We can also do similar queries as we could before when we only had one table. The GROUP BY will come after the INNER JOIN. How much revenue did each fruit generate?

pd.read_sql("""
  SELECT item, SUM(quantity*price) AS dollars
  FROM locations INNER JOIN sales 
  ON locations.location_id = sales.location_id
  GROUP BY item""", connection)

Now, try write a query to answer the question, how much revenue was there at each location?

ANSWER (option 1) pd.read_sql(""" SELECT state, city, address, SUM(quantity*price) AS dollars FROM locations INNER JOIN sales ON locations.location_id = sales.location_id GROUP BY state, city, address""", connection)
ANSWER (option 2) pd.read_sql(""" SELECT state, city, address, SUM(quantity*price) AS dollars FROM locations INNER JOIN sales ON locations.location_id = sales.location_id GROUP BY locations.location_id""", connection)

Part 2: Counting Cells

Run the following:

import numpy as np
a = np.array([
    [0,0,5,8],
    [1,2,4,8],
    [2,4,6,9],
])

How many even numbers are in this matrix? What percentage of the numbers are even? We'll walk you through the solution. Please run each step (which builds on the previous) to see what's happening.

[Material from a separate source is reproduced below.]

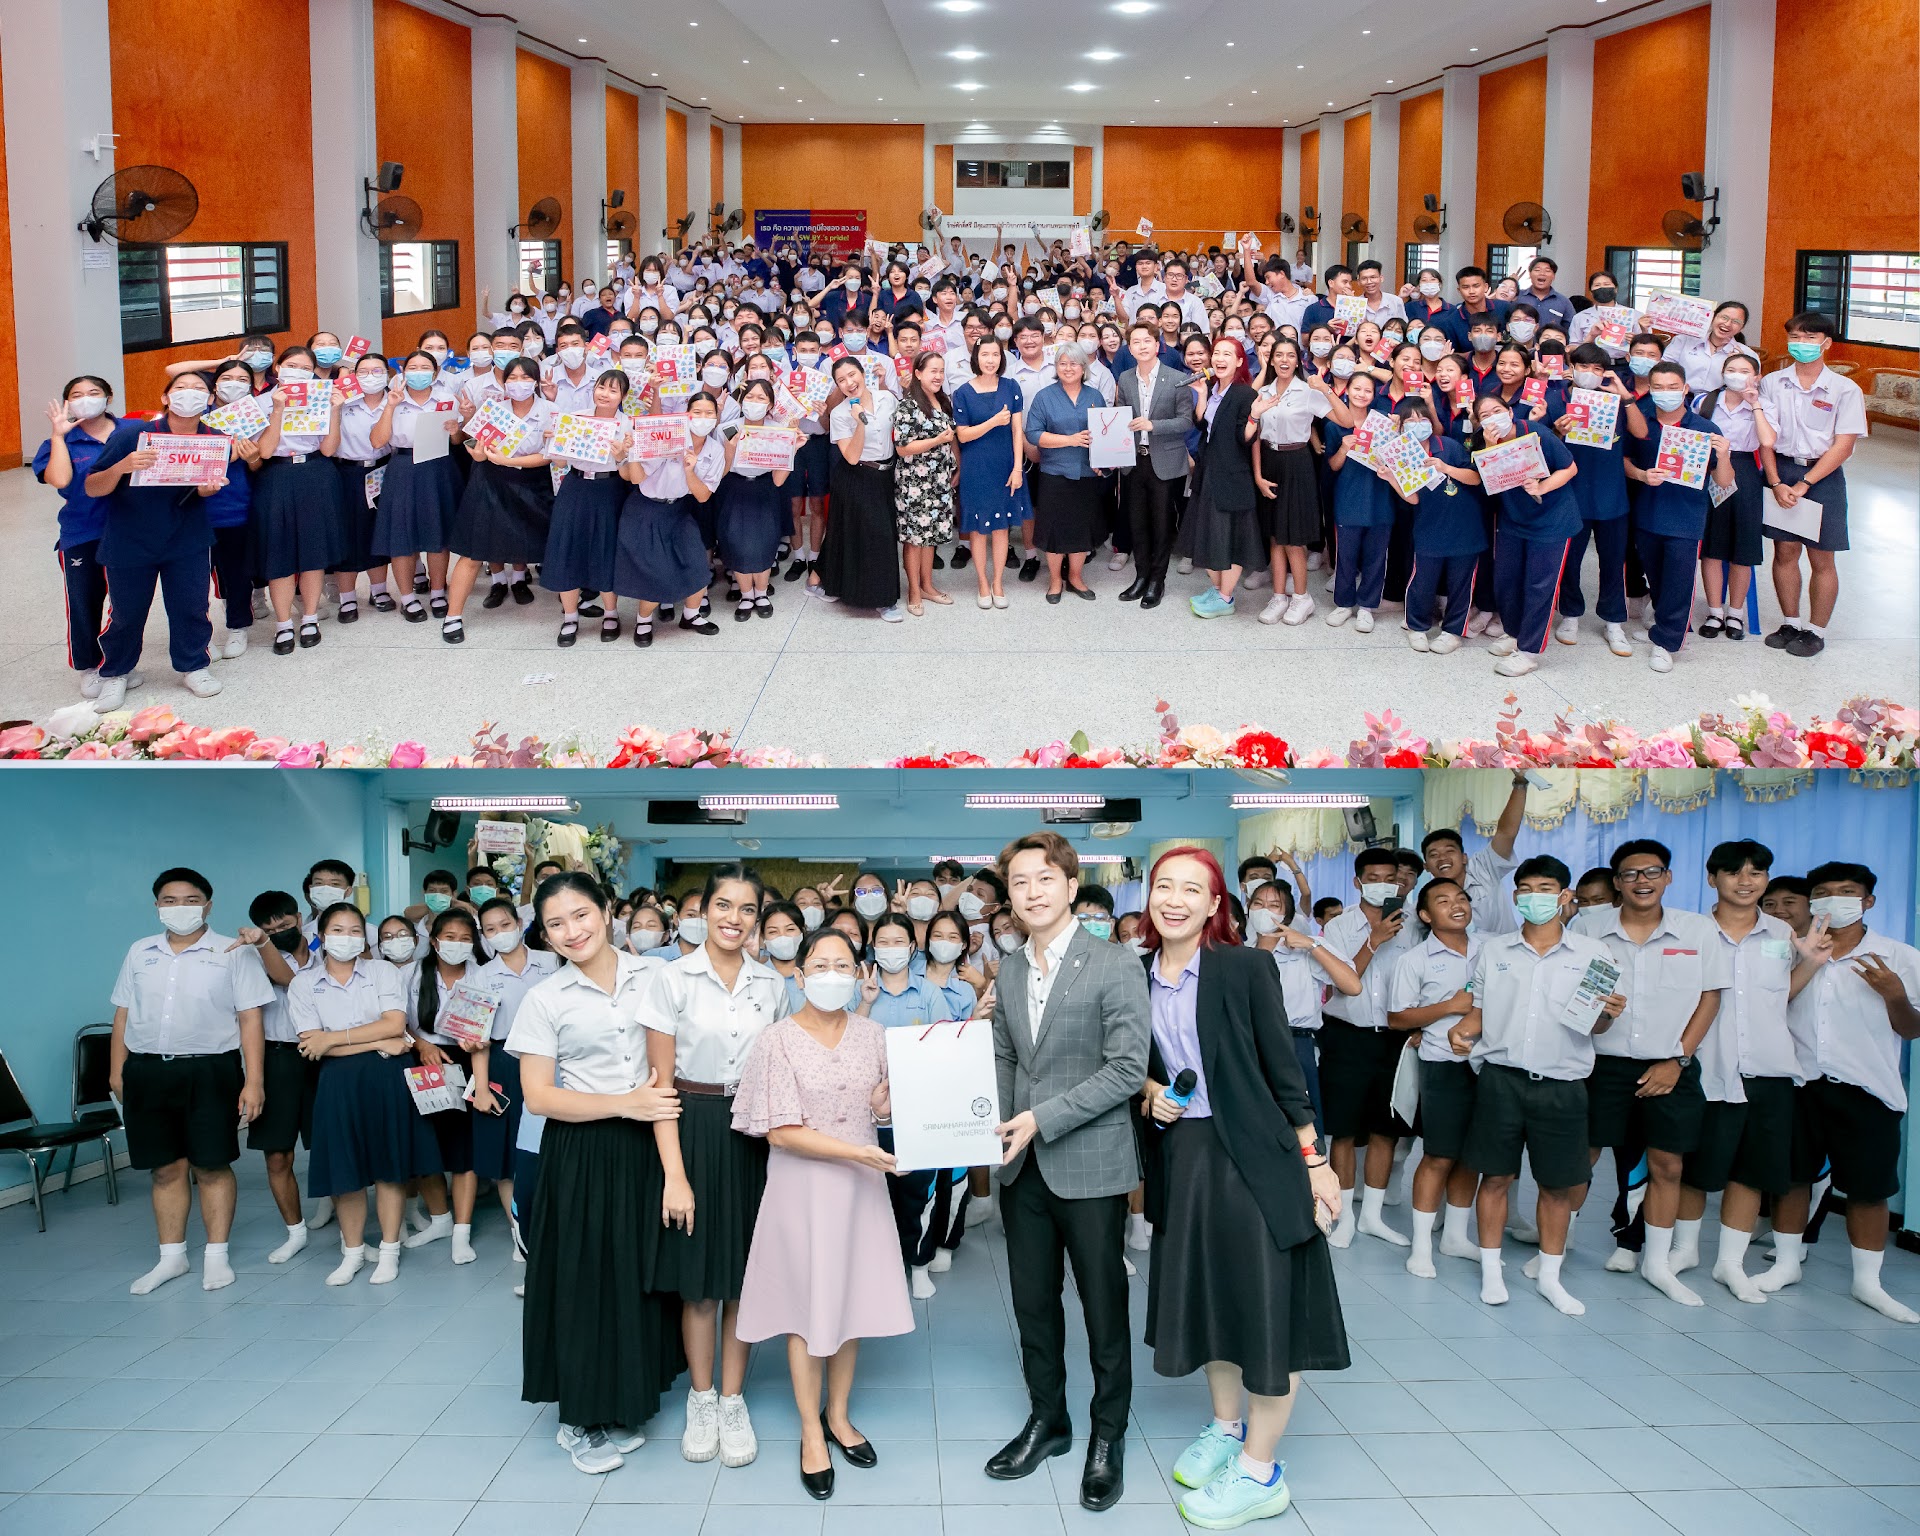 โรงเรียนเฉลิมพระเกียรติสมเด็จพระศรีนครินทร์ และ โรงเรียนระยองวิทยาคมปากน้ำ SWU 2 School

First step, mod by 2, to get a 0 in every odd cell:

a % 2

Now, let's do an elementwise comparison to get a True in every place where there is an even number:

a % 2 == 0

It will be easier to count matches if we represent True as 1 and False as 0:

(a % 2 == 0).astype(int)

How many is that?

(a % 2 == 0).astype(int).sum()

And what percent of the total is that?

(a % 2 == 0).astype(int).mean() * 100

This may be useful for counting what percentage of an area matches a given land type in P5.